The importance of phytotelmata (water bodies held by terrestrial plants) has been emphasized by a number of studies (Alcala, 1962; Ferreira, Schineider, & Teixeira, 2012; Kitching, 2000; Lehtinen, 2002; Scheffers et al. 2013a, 2014; Domingos, Arantes, Cavalcanti, & Jotta, 2015). A number of Philippine frog species have been documented to utilize leaf axils of screwpines (Pandanus) as breeding sites, such as P. hazelae and P. negrosensis (Alcala, 1962) and Pleophryne brevipes (Alcala & Brown, 1982; Denzer, 1994).
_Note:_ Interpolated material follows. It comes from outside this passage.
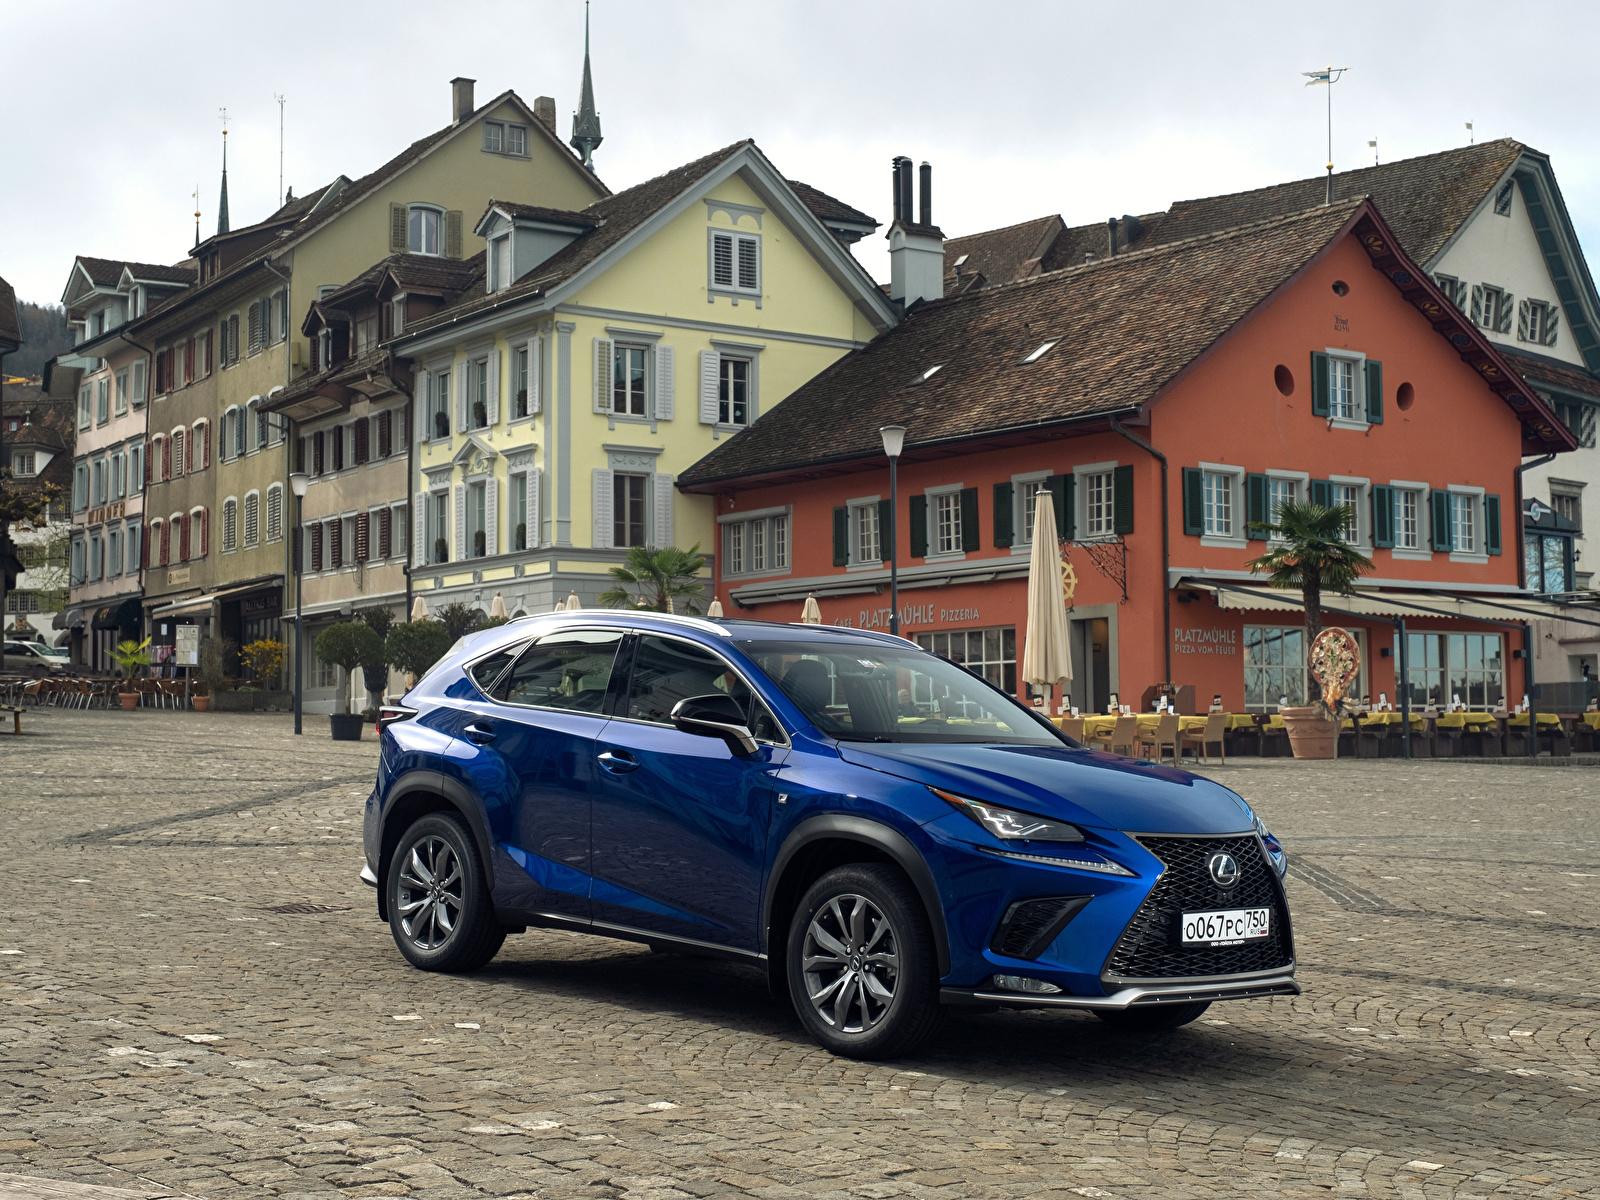 Картинка Лексус 2017-18 NX 300 F SPORT Worldwide синяя Авто Металлик 1600x1200 Lexus синих синие Синий Машины Автомобили

Scheffers et al. (2013a) described the importance of phytotelmata to act as thermal buffers during extreme climatic conditions. Frogs that are dependent on phytotelmata may be otherwise subject to desiccation, contributing to Alcala, Bucol, Diesmos, and Brown (2012) classification of these species as “highly vulnerable”. The goal of this paper was to describe the abundance and spatio-temporal distribution of P. hazelae based on a six-month survey during the rainy season (September 2016 to February 2017) in three forest zones (montane, sub-montane, and lowland). We also described some aspects of the species’ breeding behaviour and characters of embryos and developing froglets.

Materials and methods

Study site: The forests surrounding the Twin Lakes of Balinsasayao (Fig. 1) and Danao in Negros Oriental, Philippines, form part of an extensive tropical rainforest ecosystem within the 133 000 half the geothermal reserve of the Energy Development Corporation (formerly Philippine National Oil Company, PNOC). The area has an elevation range of ~650-900 m.a.s.l. near the lakes and extends to about 1 750 m.a.s.l. at the highest peak known as “Guinsayawan” towards the Southwest. A dome-shaped peak known as “Guintabon” is adjacent to the lakes in the North. A third, much smaller water body, known as “Kabalin-an” Lake, located Northwest of Guintabon has a maximum water surface area reaching ~3.4 ha in 2014 but reduced to only ~1.3 has during low rainfall months, notably right after the El Niño phenomenon in 2010.

Fig. 1 Location of the study sites within Balinsasayao Twin Lakes Natural Park (montane sites indicated by M1-M3, submontane sites by SM1-SM3, and lowland sites by L1-L3). Inset: Philippine map and the boundaries of Balinsasayao Twin Lakes Natural Park. Map generated using QGIS® and OpenStreetMap®. 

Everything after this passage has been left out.